How Learning Rate Decay Wastes Your Best Data in Curriculum-Based LLM Pretraining
Kairong Luo, Zhenbo Sun, Haodong Wen, Xinyu Shi, Jiarui Cui, Chenyi Dang, Kaifeng Lyu, Wenguang Chen
TL;DR
This work reveals a fundamental tension between ascending data curricula and decaying learning rate schedules in large-language-model pretraining. By systematically analyzing the interaction, the authors show that curriculum gains collapse under standard LR decay, especially when high-quality data appears late in training. They propose two pragmatic remedies—moderate LR decay and model averaging—and unify them into Curriculum Model Averaging (CMA), which, together with data curricula, yields robust improvements (up to 1.64% average accuracy) at 1.5B parameter scale trained on 30B tokens. The paper also introduces Curriculum with LR Decay and Model Averaging (CDMA) as a further optimization, supported by a simple theoretical model and extensive ablations across metrics, datasets, and mid-training scenarios.
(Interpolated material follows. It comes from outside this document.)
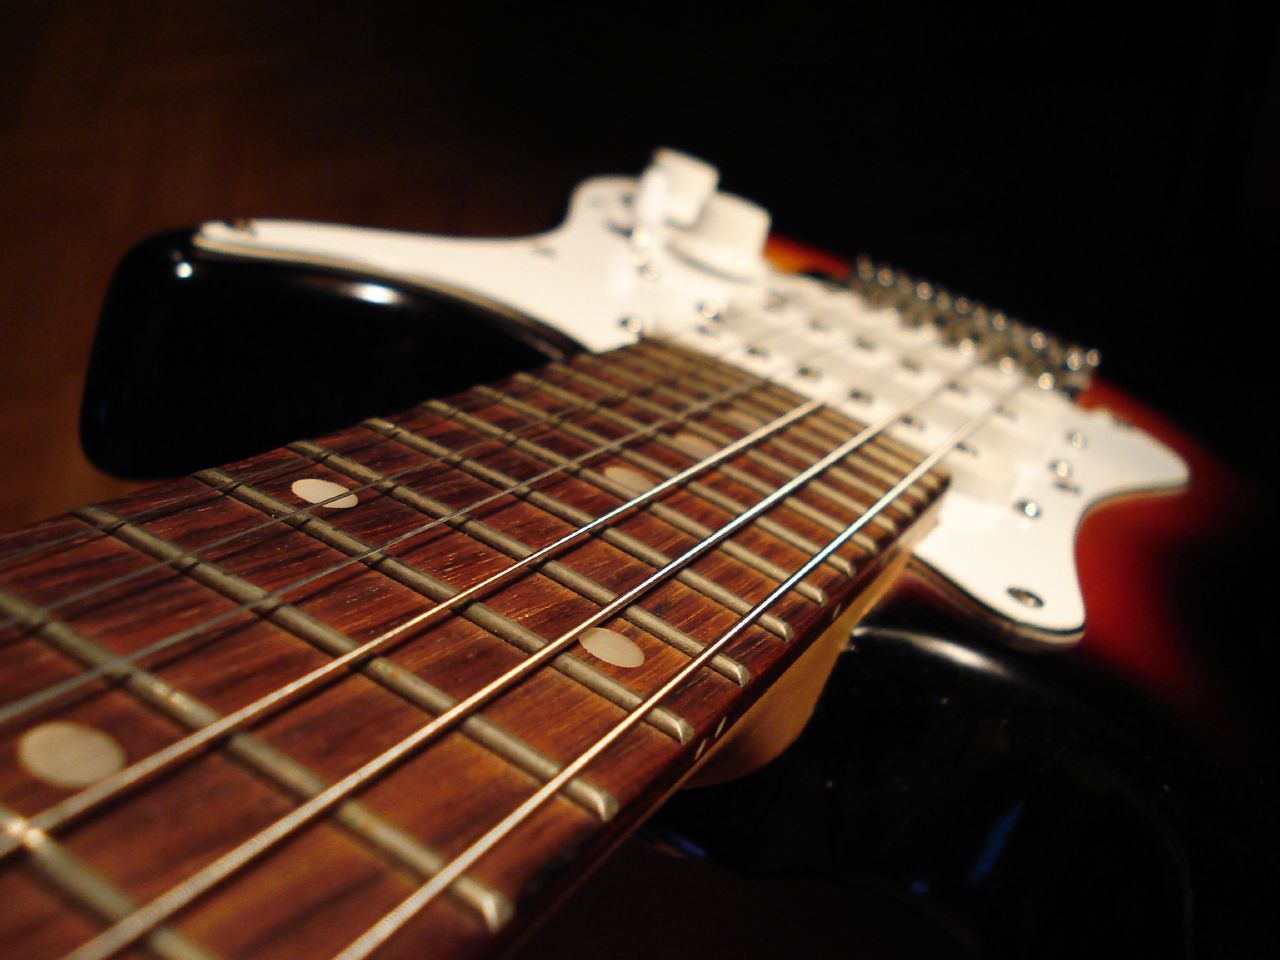 the neck of a bass guitar is shown with the frets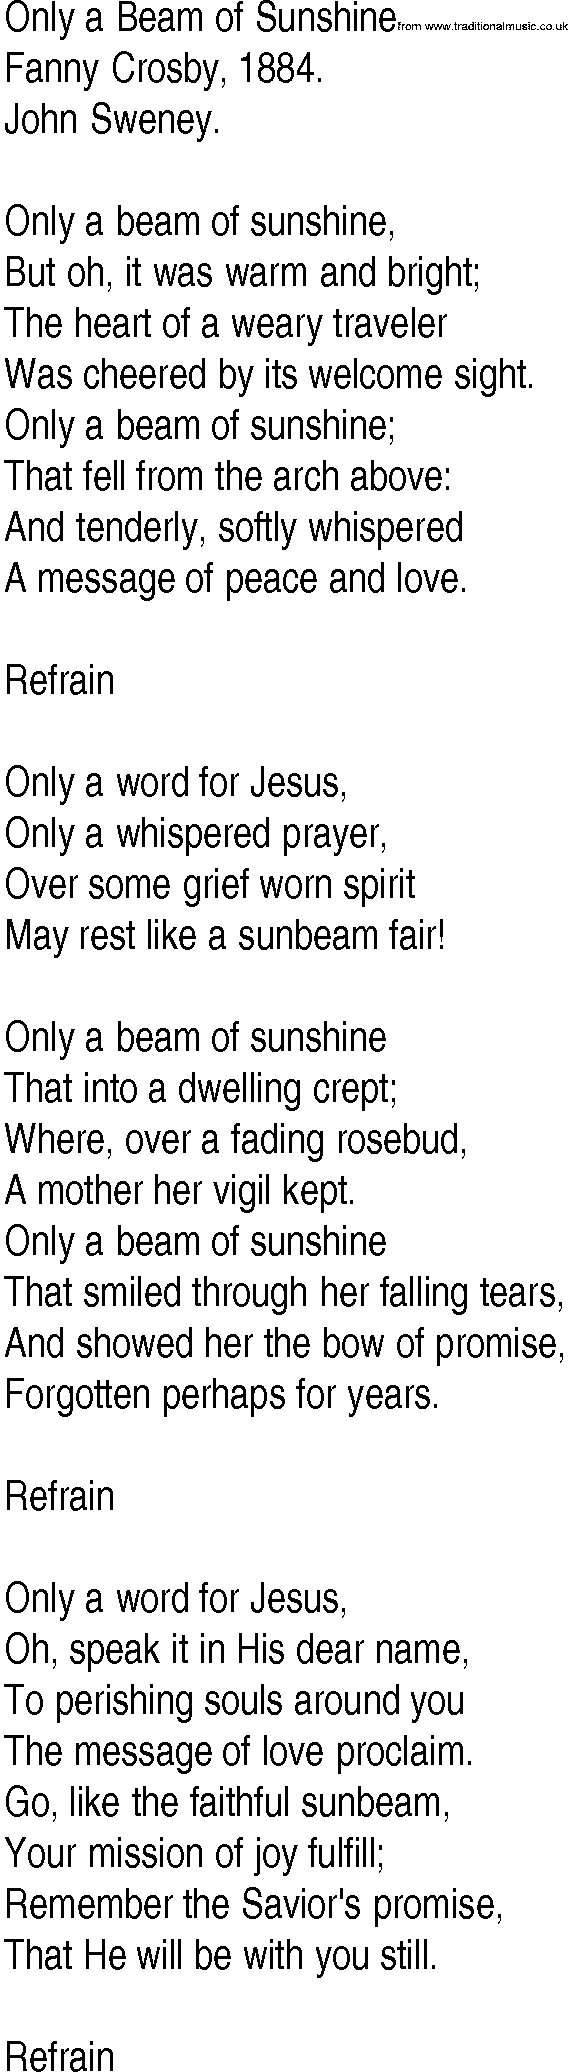 Hymn and Gospel Song: Only a Beam of Sunshine by Fanny Crosby lyrics

Overall, the results advocate co-designing data curricula with training dynamics to enhance pretraining efficiency and performance.
Abstract
Due to the scarcity of high-quality data, large language models (LLMs) are often trained on mixtures of data with varying quality levels, even after sophisticated data curation. A natural approach to better leverage high-quality data is curriculum-based pretraining, where the model is trained on data sorted in ascending order of quality as determined by a quality metric. However, prior studies have reported limited improvements from such curriculum-based pretraining strategies. This work identifies a critical factor constraining these methods: the incompatibility between the ascending data quality order and the decaying learning rate (LR) schedule. We find that while curriculum-based training substantially outperforms random shuffling when using a constant LR, its advantage diminishes under standard LR decay schedules. Our experiments show this incompatibility can be mitigated by two simple strategies: (1) employing a more moderate LR decay schedule, where the final LR is only moderately smaller than the peak LR, and (2) replacing LR decay with model averaging, i.e., computing a weighted average of the final few checkpoints. By combining these strategies, we improve the average score on a suite of standard benchmarks by 1.64% over random shuffling, without additional data refinement. Validated on 1.5B-parameter models trained over 30B tokens with various data-quality metrics, our findings call for a re-evaluation of curriculum-based LLM pretraining and underscore the potential of co-designing data curricula with optimization methods.